Valorant, a more recent example, also produces cinematics and the added Riot Games flair of music videos. Valorant’s gameplay in particular limits the amount of expression the characters can have in comparison to Overwatch or TF2. All Valorant characters have to be the same size and use the same movement to create a level playing field. So it’s voicelines and these shorts that manage to give them any real personality.
Though the success of a hero shooter doesn’t depend entirely on shorts, it’s quite interesting that some of the failed hero shooters I can think of didn’t have shorts or didn’t make use of them well. I quite liked Crucible, for example, Amazon Games’ attempt at a MOBA-shooter hybrid, but for its short life any information about its characters was tucked away in written logs.
Battleborn opened with an awesome stylised fight scene as an original introduction to some of its characters. This, however, was focused on their abilities rather than a sign of who these people were. It’s one massive action scene. Maybe more animation exploring its roster would have helped attract more players.
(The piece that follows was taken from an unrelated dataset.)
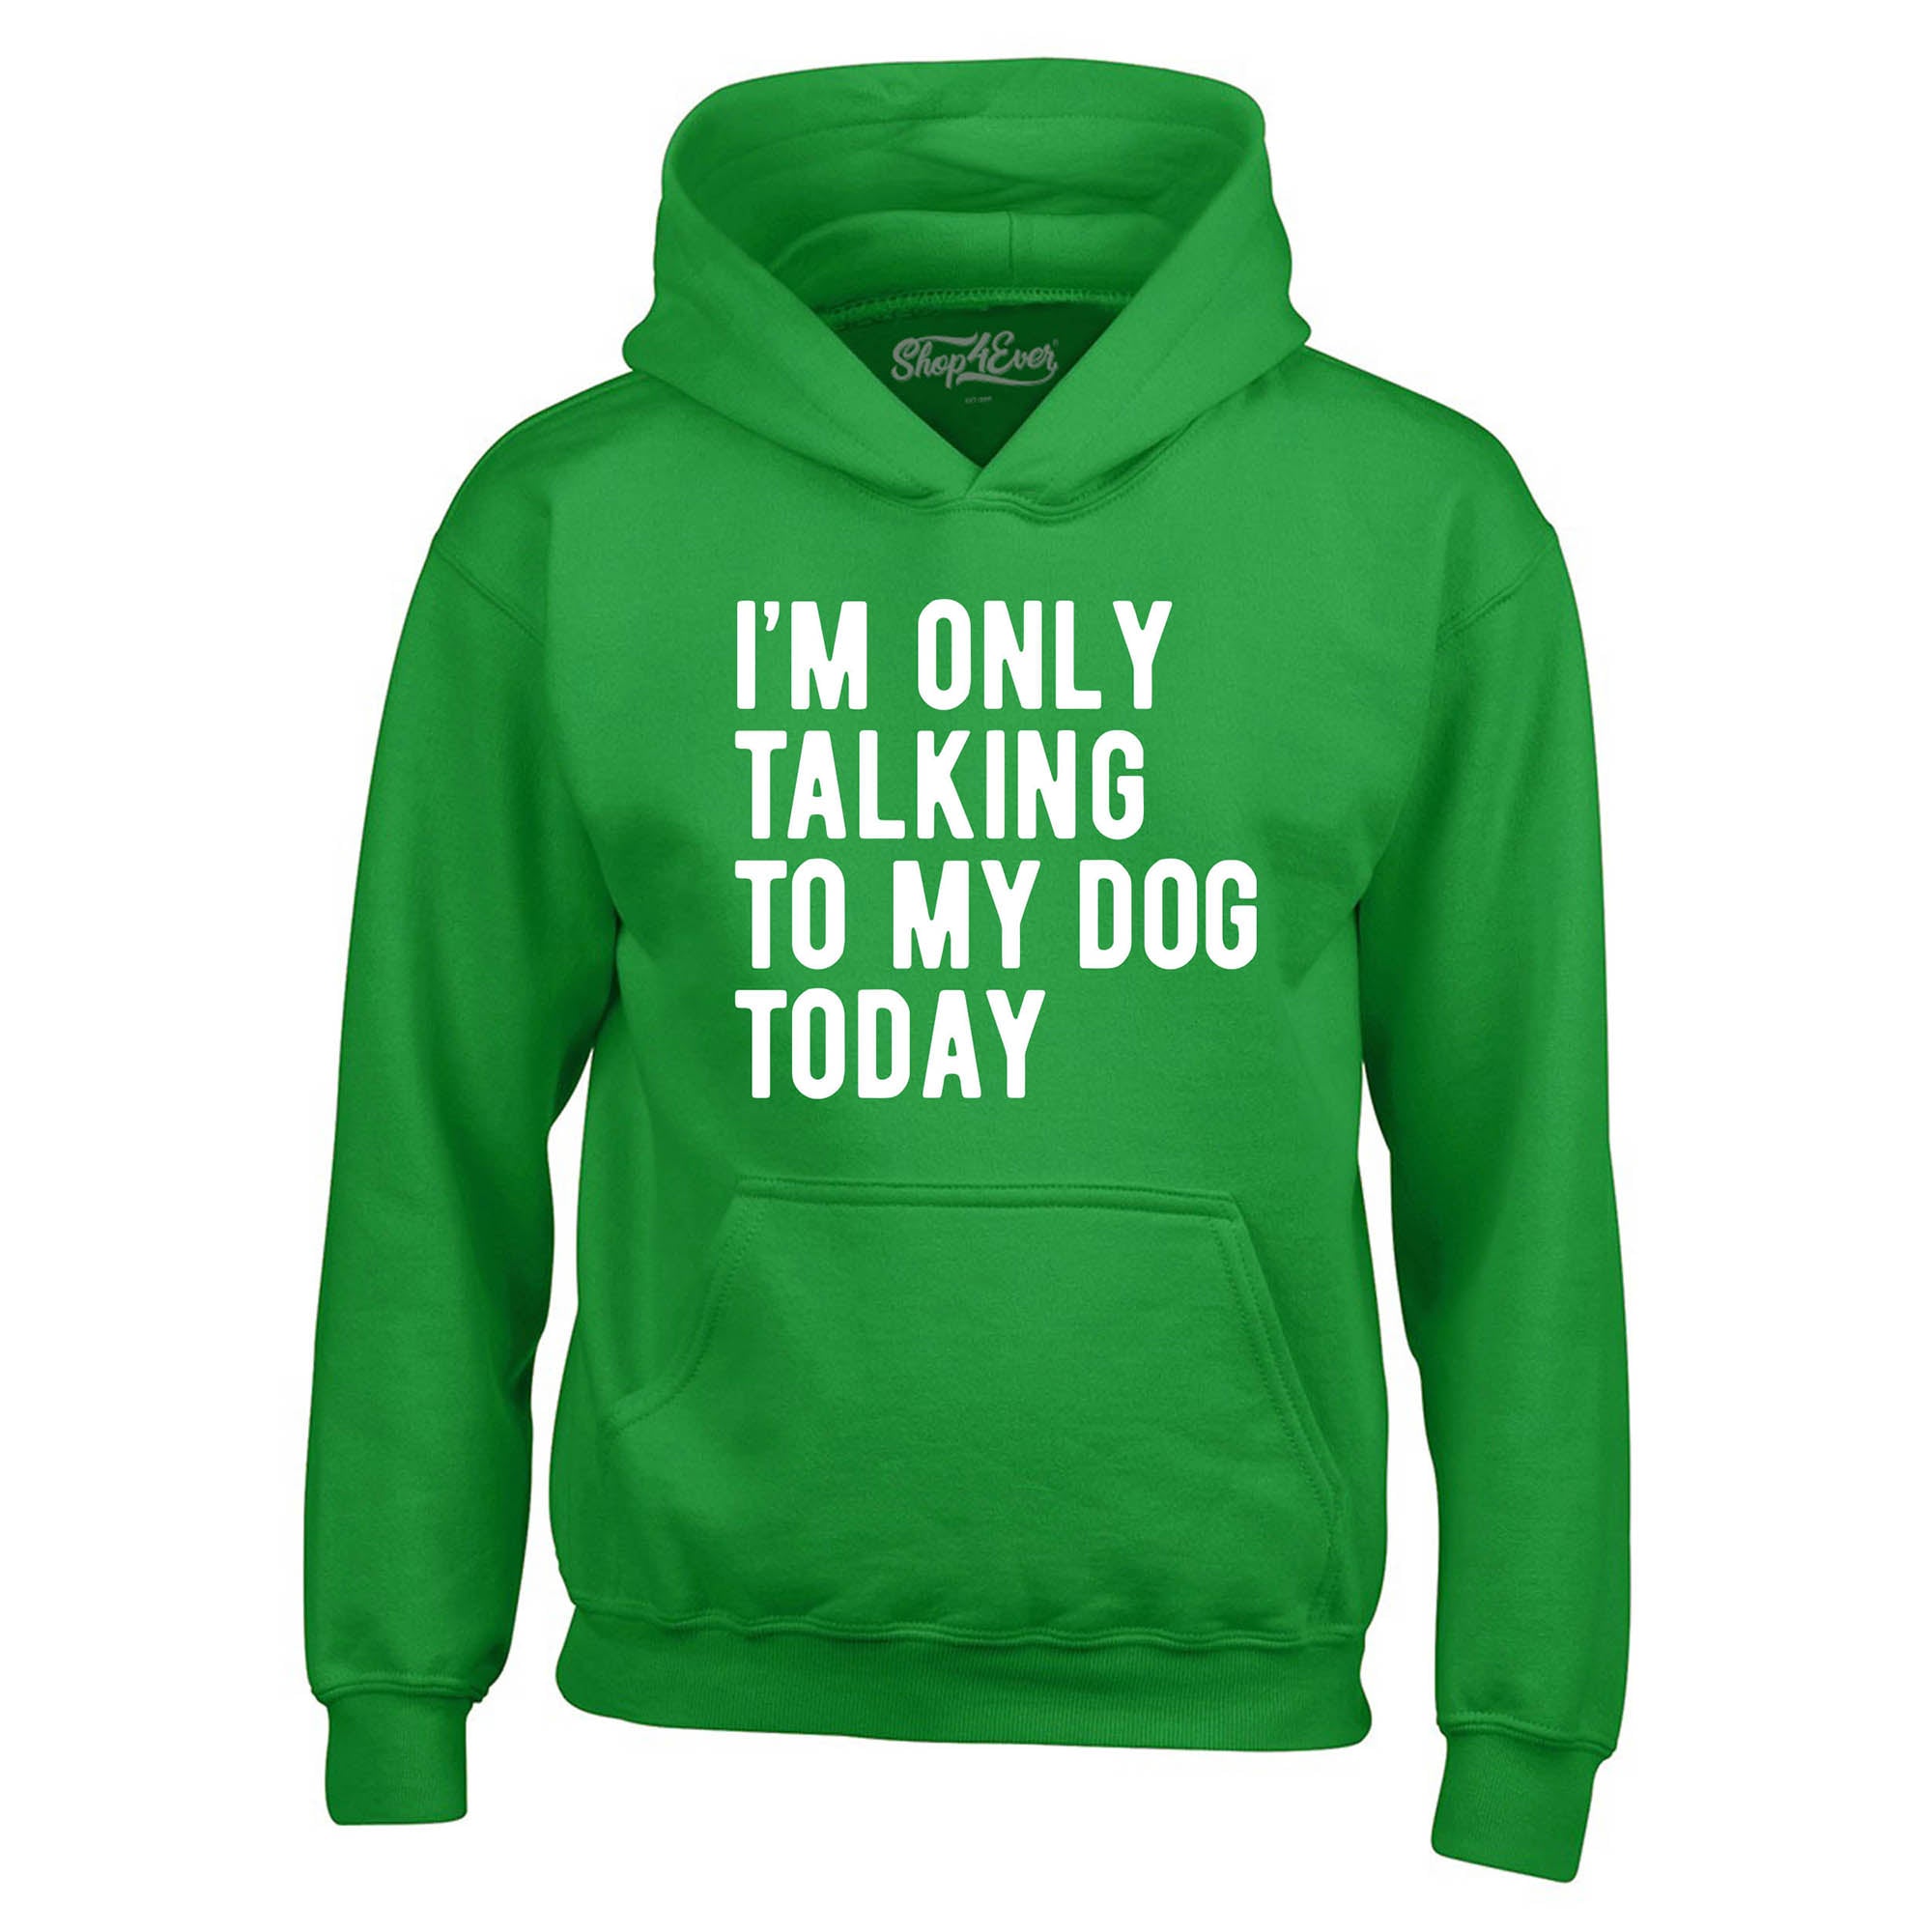 I'm Only Talking to My Dog Today Hoodie Sweatshirts

Ninja Theory actually released four character shorts for its Bleeding Edge roster but they’re strangely shrouded in darkness. Introductions to Buttercup, Daemon, Níðhöggr, and Kulev are at odds with the game’s other marketing which went for bombastic, colourful, and comedic. The shorts are more like found-footage videos with darkened environments for all but Buttercup’s. Daemon’s short shows just the shadowy outline of his demonic mask, before he kills a bunch of guards effortlessly. But when you actually look at the character model he’s dressed in all the colours of the rainbow—it’s kind of a weird juxtaposition. It’s worth noting Bleeding Edge’s shorts only have 9-13 thousand views each.
But are shorts the true sign of success?
Perhaps hero shorts aren’t in themselves cause for success but a sign of a game’s production going well. Developers need to have a solid grasp of its characters, ample funding, extra animators, and plenty of time to be able to produce something to go alongside the main product. Having the luxury of character shorts may just show us that the studio is incredibly dedicated to the product’s success and longevity and has the money to back that product up. You need players to want to know more about your roster, buy their merch, sit in D.Va chairs on stream (that’s a self-burn, I have one of those), and cosplay your heroes.
And at the centre of all of that is Team Fortress 2. It formed the hero shooter as we know it with the Meet the Team shorts. They’re the basis for the genre’s success in making us all care about a game’s classes even when gameplay can’t deliver that emotional connection. So thanks Valve, for making Meet the Team so hilarious and engaging. Actually it wouldn’t do any harm to just watch them all again right now, would it? Let’s just call it research.